Во всех последующих работах Бергсон никогда не выходит за пределы этой исходной дуалистической точки зрения, хотя она постоянно принимает у него все новые и новые формы. Жизнь сознания всегда остается для него жизнью непосредственного опыта, лишенного всякой мысли, всякой рефлексии, всякой рациональности. Осознание ею самой себя — всегда лишь непосредственное созерцание ею своих собственных состояний. А отсюда — духовный процесс, хотя и напоминает исторический в том отношении, что он сохраняет свое прошлое в настоящем, не является все же подлинно историческим процессом, потому что прошлое, сохраняемое здесь в настоящем, — непознанное прошлое. Оно — лишь такое прошлое, отголоски которого в настоящем непосредственно переживаются человеком, как им переживается и само настоящее. Эти отголоски, наконец, умирают, и когда это происходит (просто потому, что они больше непосредственно не переживаются, а иначе переживаться не могут), то тогда уже их невозможно оживить. Следовательно, история невозможна, ибо история — не непосредственное самонаслаждение, а рефлексия, опосредование, мысль. Это интеллектуальный труд, цель которого — размышлять над жизнью духа, а не просто переживать ее. Но, по философии Бергсона, это невозможно — все внутреннее может только переживаться, а не мыслиться. Мыслимое же — всегда внешнее, а внешнее нереально, произведено для действия.
Современная французская мысль, работая в указанных направлениях (ибо Бергсон пользовался и все еще пользуется популярностью, что доказывает правильность его анализа духа своей нации), обладает особенно живым самосознанием, пониманием самой себя как живого, творческого процесса и поразительным умением одушевлять все, что она может абсорбировать в этом процессе. То же, что не абсорбируется им, французский ум рассматривает как нечто, радикально отличное от него, как простой механизм, с которым нужно считаться на практике, подходя к нему как механизму, действия которого прогнозируемы и полезны либо же непрогнозируемы и враждебны. Он никогда не пытается понять его изнутри, отнестись к нему с симпатией как к духовной деятельности, родственной его собственной. Так, в совершенно бергсоновском духе развивается французская политика в области международных отношений. В этом же духе действует и современная французская историография. Французский историк, следуя хорошо известному правилу Бергсона, стремится «s'installer dans le mouvement»,[89]
«вработаться» в изучаемое им историческое движение, ощутить это движение как нечто, происходящее в нем самом. Ухватив его ритм, мысленно впитав его, он бывает в состоянии воспроизвести это историческое движение с исключительным блеском и правдивостью. В качестве примера я мог бы здесь сослаться хотя бы на один-два шедевра новейшей французской исторической литературы, на такие книги, как «История Галлии» Камилла Жюллиана{41}, «Философский радикализм» и «Историю английского народа» Эли Галеви{42}. Коль скоро историк сумеет добиться этой проницательности, источник которой — симпатия к описываемому процессу, ему легко описать основные его стадии на немногих страницах.
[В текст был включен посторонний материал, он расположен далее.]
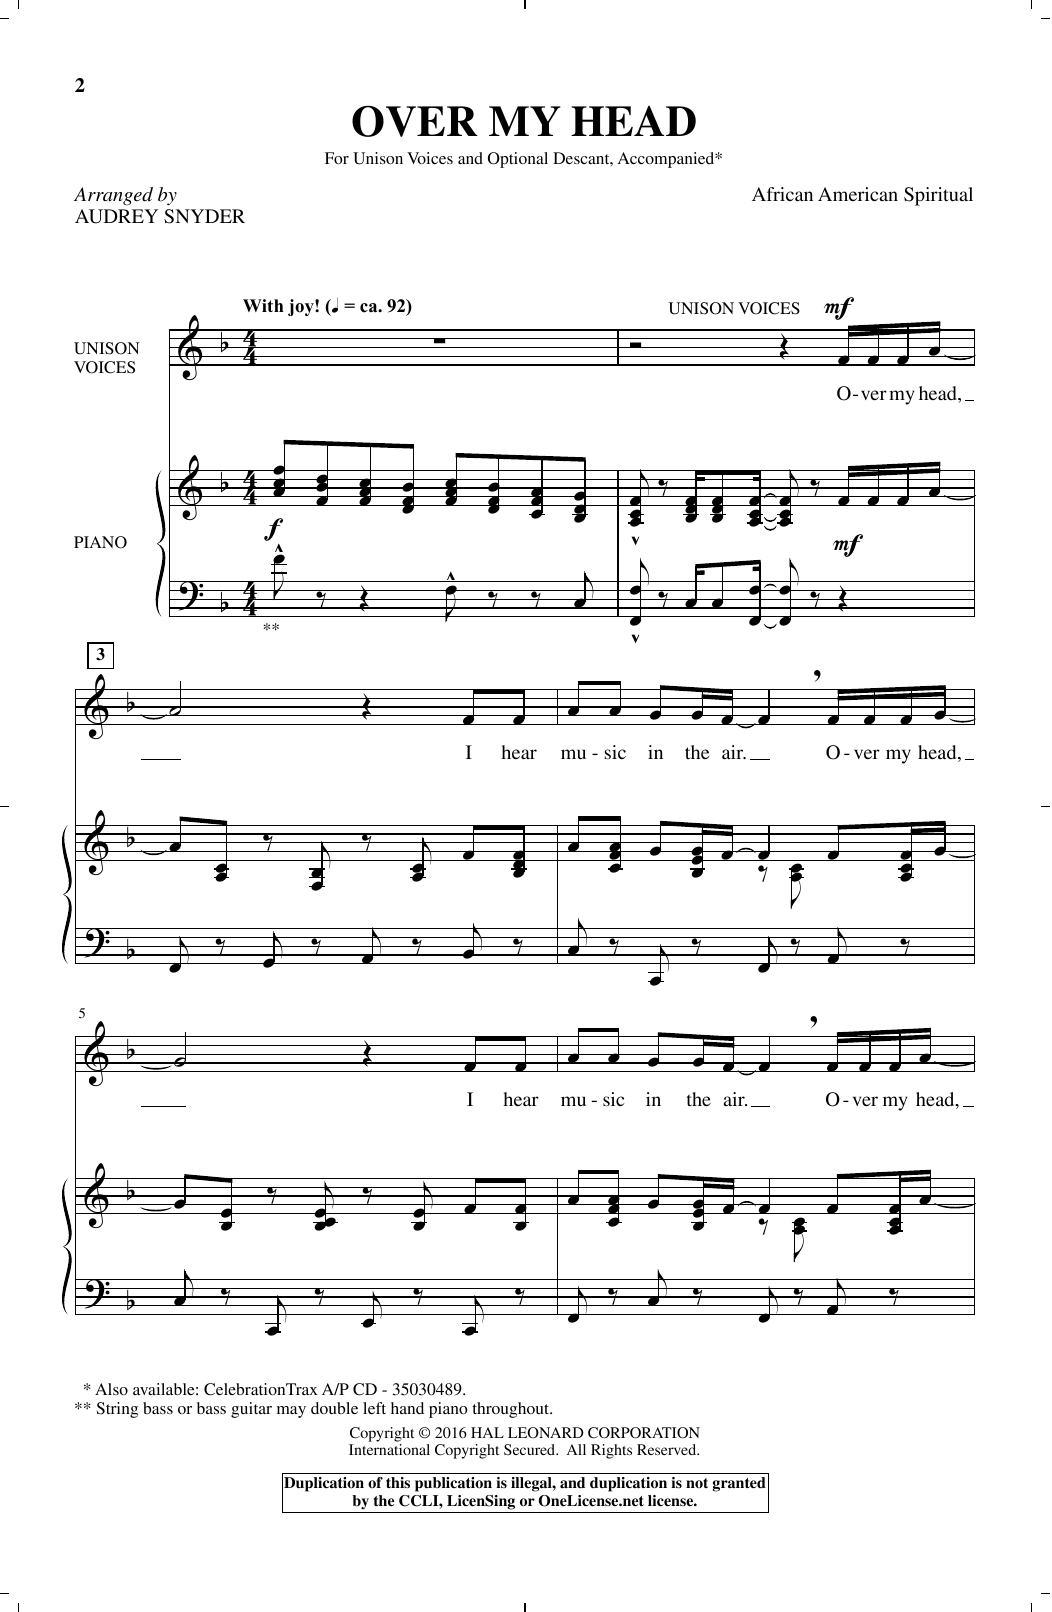 Download African-American Spiritual Over My Head (arr. Audrey Snyder) Sheet Music

Вот почему французские историки превосходят всех остальных в создании кратких и стимулирующих мысль работ, популярных в лучшем смысле этого слова, несущих широкой публике живое ощущение характера описываемого движения или периода. Им удается как раз то, чего не могут сделать немецкие историки, скованные своим сражением с фактами. Но французы не могут делать того, что так хорошо удается немцам, — обрабатывать изолированные факты с научной точностью и беспристрастностью. Недавний громадный скандал во французском академическом мире, связанный с глозельскими фальшивками{43}, показал одновременно как слабость французских ученых в области научных методов, так и то, как вопрос чисто технического порядка (каким ему и следовало бы быть) превратился в их умах в вопрос национальной чести. Споры вокруг Глозеля, сколь это ни гротескно, привели к созданию международной комиссии, и, разумеется, выводы комиссии не были приняты.